Evaluation of a New DNA Extraction Method on Challenging Bone Samples Recovered from a WWII Mass Grave

by Barbara Di Stefano 1, Irena Zupanič Pajnič 2, Monica Concato 1, Barbara Bertoglio 3, Maria Grazia Calvano 4, Solange Sorçaburu Ciglieri 1, Alessandro Bosetti 5, Pierangela Grignani 3, Yasmine Addoum 1, Raffaella Vetrini 1, Francesco Introna 4, Serena Bonin 1, Carlo Previderè 3,* and Paolo Fattorini 1
Reviewer 1:
Reviewer 2: Anonymous
Reviewer 3: Anonymous
Submission received: 15 April 2024 / Revised: 21 May 2024 / Accepted: 22 May 2024 / Published: 23 May 2024
(This article belongs to the Section Molecular Genetics and Genomics)

Round 1

Reviewer 1 Report

Comments and Suggestions for Authors

I would like to extend my congratulations to the authors of the article for their objective analysis and clear presentation of the subject matter. I will now proceed to provide some notes on the work.

1. Did the authors pass an ethical committee for the human bone analysis, since this involves sample destruction from war victims?

2. Before bone pulverization, one of the fundamental steps is the cleaning of the samples. Petrous bones accumulate a lot of soil in their interior. How did the authors clean the samples since this can affect all the analysis, dragging inhibitors from the soil...

3. line 212: "ANOVA was used for calculation". Authors must specify what calculation was performed.

4. Figure 2 is not intelligible due to its poor quality.  

5. Line 389-393: environmental conditions are indeed key to DNA preservation. Authors use this argument to justify the absence of results for teeth samples. However, petrous bones were in the same conditions. How do authors explain that the genetic material from teeth, which are theoretically protected by enamel, did not produce results, and bone samples did?

 

 

Author Response

See attached file.

Thank you

Author Response File: Author Response.pdf

Reviewer 2 Report

Comments and Suggestions for Authors

Dear Authors,

The manuscript “Ealuation of a new DNA extraction method on challenging  bone samples recovered from a WWII mass grave ” by Barbara Di Stefano et al. provides an interesting dose of analytical knowledge regarding  skeletal remains from the Second World War . Authors confirm that petrous bone outperforms other bone elements in terms of quantity and quality of the recovered DNA and for this reason,  it should always be preferred for genetic testing.

The manuscript is well written but I have a few recommendations that the authors may wish to consider:

-Correlation should be expressed in r, not r2. Considering the above, the discussion should be enriched with research limitations. 

-The resolution of the figures should be higher. 

-I would also like to ask the authors to consider adding a "Conclusions" section which would summarize the most important achievements and limitations of the conducted analyses.

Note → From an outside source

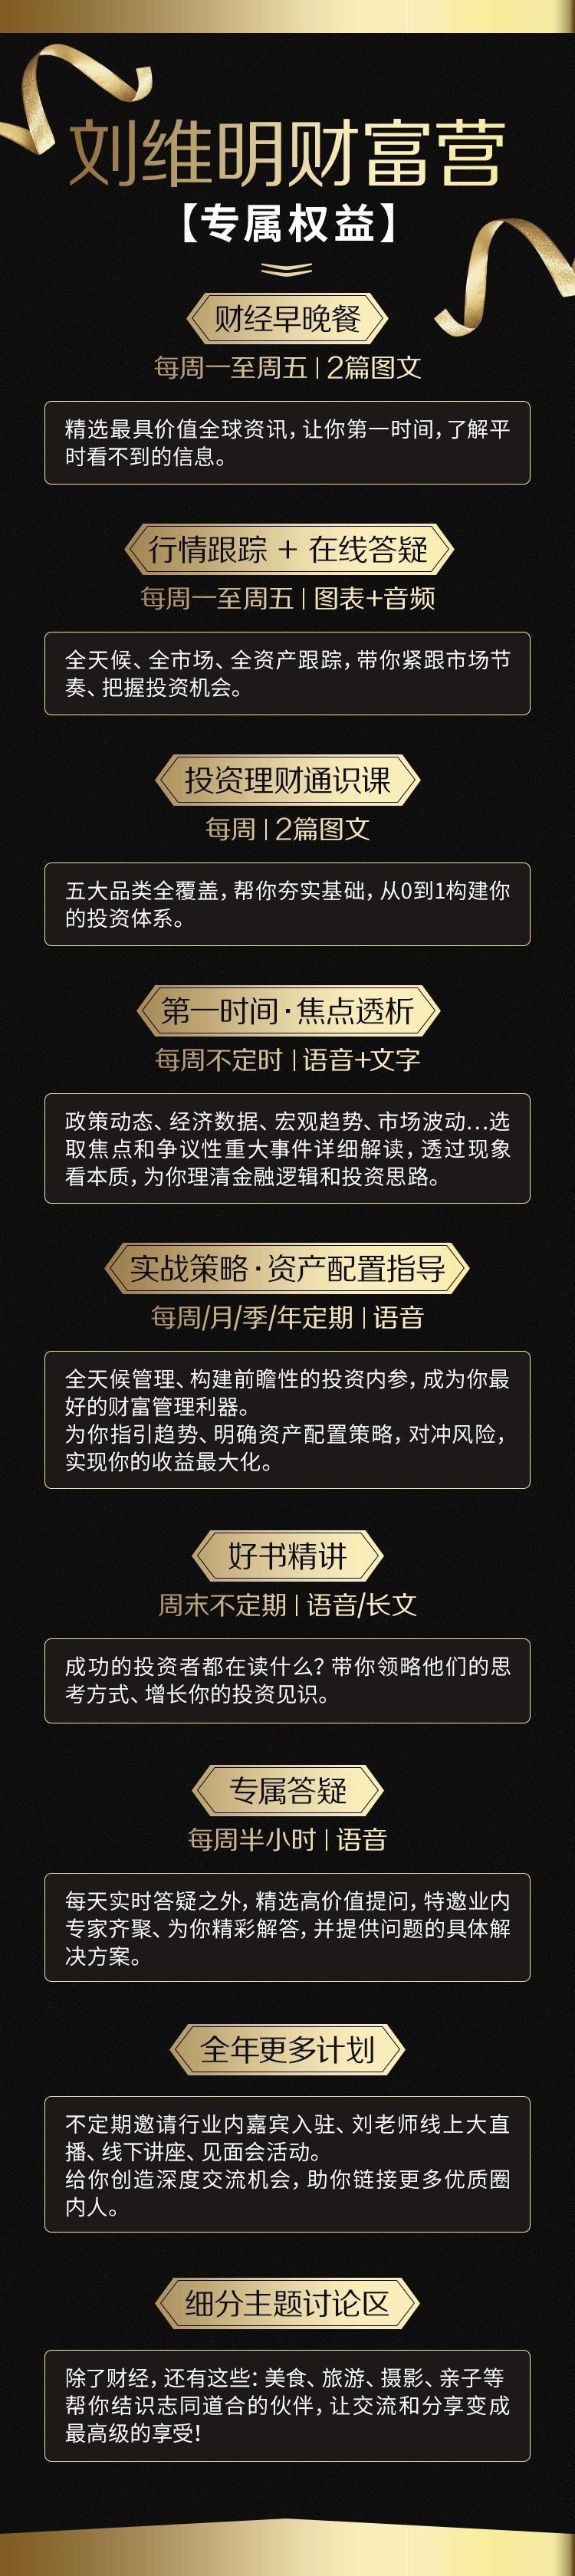 怎样优惠购买刘维明的财富营课程

Such an additional chapter would significantly enrich this extremely interesting paper. Then, the manuscript would significantly improve in quality. I congratulate the authors on their interesting work. 

 

Sincerely,

Reviewer

Author Response

See attached file.

Thank you

Author Response File: Author Response.pdf

Reviewer 3 Report

Comments and Suggestions for Authors

The primary objective of this study was to establish a DNA extraction method maximizing efficiency for DNA extraction from challenging bone samples and to determine the most suitable bone elements for genetic testing. However, the manuscript predominantly focuses on the overall genetic analysis process of bone remains retrieved from WWII mass graves, within the context of a project, rather than on evaluation of the new experimental method. Consequently, the findings presented may not adequately address the main goal outlined by the authors. It is recommended to reconsider the title to better reflect the manuscript’s content and to provide additional detailed explanations as follows:

Regarding the evaluation of the DNA extraction method:

-       Firstly, to assess the enhanced efficiency of DNA recovery using the ‘new protocol’, it would be effective to compare results obtained from conventional methods, such as the ‘single incubation’ or ‘recommended volume’ methods performed by the authors, rather than solely relying on theoretical comments from the kit manual. (Line 220-228)

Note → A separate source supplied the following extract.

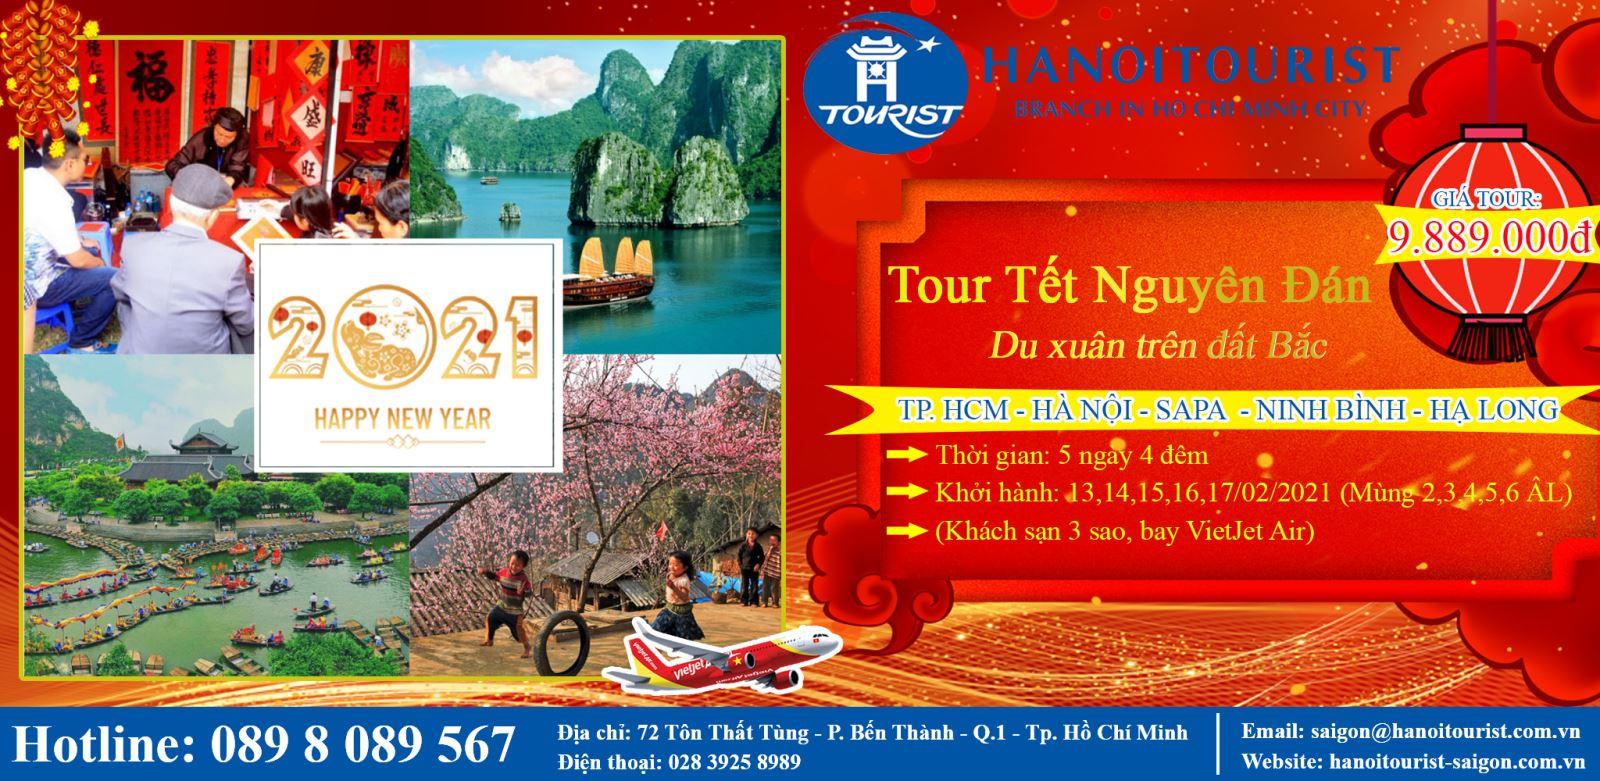 Tour Tết: Hà Nội - Phú Thọ - Lào Cai - Sapa - Ninh Bình - Hạ Long ( 5 Ngày)

-       Additional experimental evidence or clarification is necessary to identify the reasons for the lack of difference in DNA recovery between the results obtained using the Qiagen method in Lab B and those obtained using the proposed method. It remains unclear whether this is attributable to bead capacity limitations or simply methodological differences. (Line229-235)

-       The provided numerical values require review: 1) was ‘380-fold’ calculated from 52.9 ng/0.143 ng or 59.1 ng/0.150 ng? 2) are the median values displayed in figure 3 accurate? (Line 249-253)

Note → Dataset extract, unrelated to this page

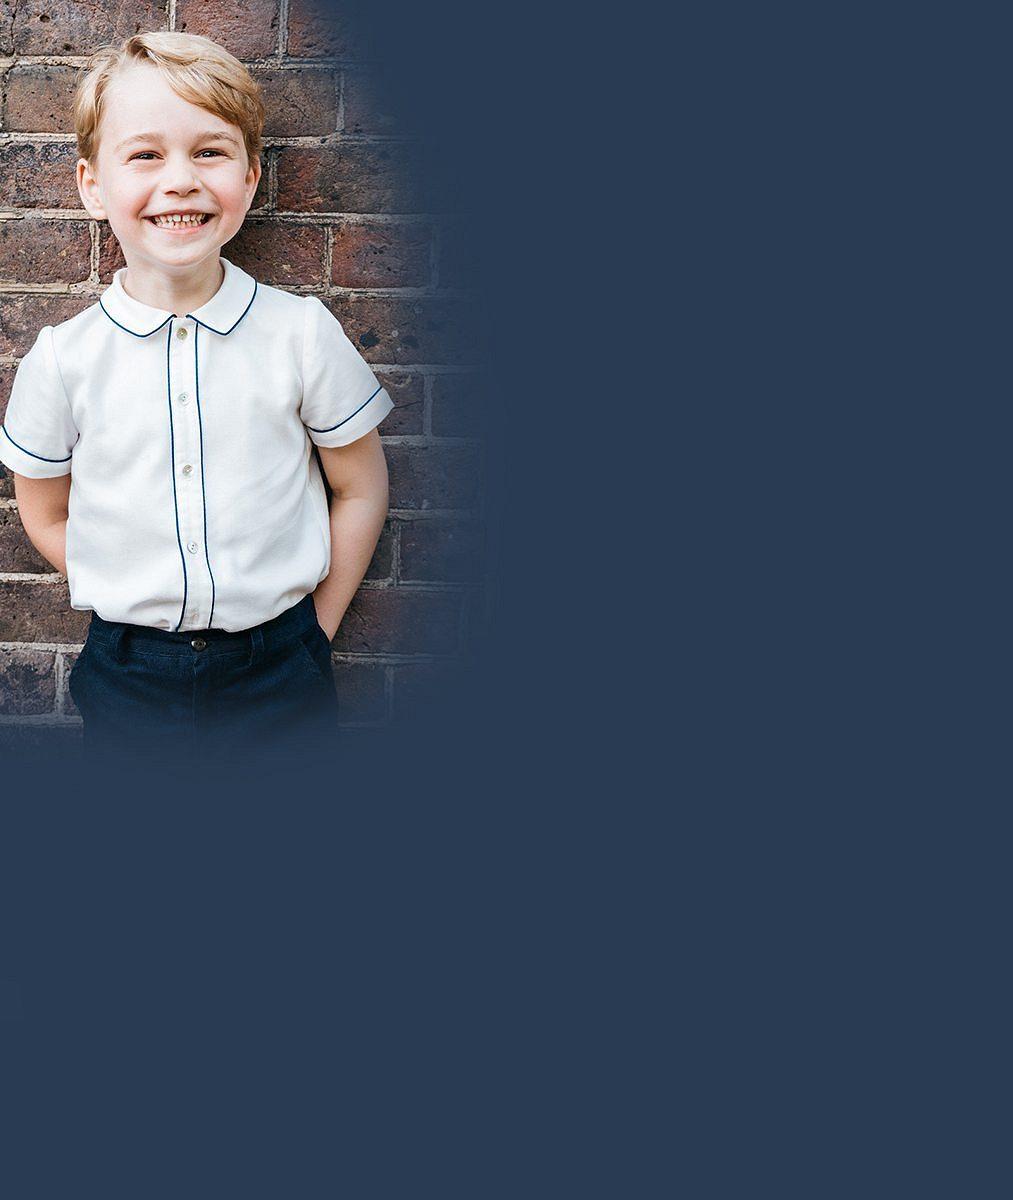 V pěti letech už je jedním z nejlépe oblékaných Britů! Jeho roztomilost princ George zabodoval svetříky a ponožkami

-       Concerning the grinding procedure, there is inadequate explanation regarding the differences between the methods employed by Lab A and Lab B for comparison. Additionally, the evidence supporting the “disappointing conclusion that the femurs found in the mass grave actually contained very low amounts of DNA” is insufficient to draw a definitive conclusion based on the results presented in the manuscript. (Line 260-267)

-       Clarification is needed regarding scientific significance of the test for procedure repeatability by different operators three month later. (Line 159-162, Line 268-272) Additionally, determining ‘good repeatability’ should involve considering more potential factors beyond solely relying on the results presented in Figure 1A.

Regarding the appropriate selection of bone elements for DNA extraction:

-       Lines 294-307 appear to belong in the discussion section rather than the results section.

-       Please clarify the y-axis in Figure 4 and the criteria of partial profiles in this study.

Further clarification is required regarding the experimental process:

-       What is the pulverization method utilized by Lab B? How does it differ from the method used by Lab A?

-       Did Lab A employ both the Quantifiler human DNA Quantification kit and the PowerQuant for DNA quantification? (Please clarify this in Figure 1)

-       How were the LOD and ILOQ values calculated in Table 1?

Author Response

See attached file.

Thank you

Author Response File: Author Response.pdf

Round 2

Reviewer 1 Report

Comments and Suggestions for Authors

The article is very much improved, and important information was added. However, the authors do not answer my question. So, again, I ask the same:

"Environmental conditions are indeed key to DNA preservation. Authors use this argument to justify the absence of results for teeth samples. However, petrous bones were in the same conditions. How do authors explain that the genetic material from teeth, which are theoretically protected by enamel, did not produce results, and bone samples did?"

 

The authors' previous answer was: this issue was treated in the conclusions.

 

In conclusion, their discussion about this is: 

Our results showed that petrous bone -likely due to its intrinsic properties- outperform other bone elements (femur, metacarpals and tooth) in quantity and quality. Overall, the results of this study support that burial conditions play a fundamental role in biomolecule preservation, and no generalisation is allowed: other elements (femur and tooth), which usually provide satisfying results [3,14,33,38,42], are yielding poor results in the case of the mass grave of the isle of Cres. 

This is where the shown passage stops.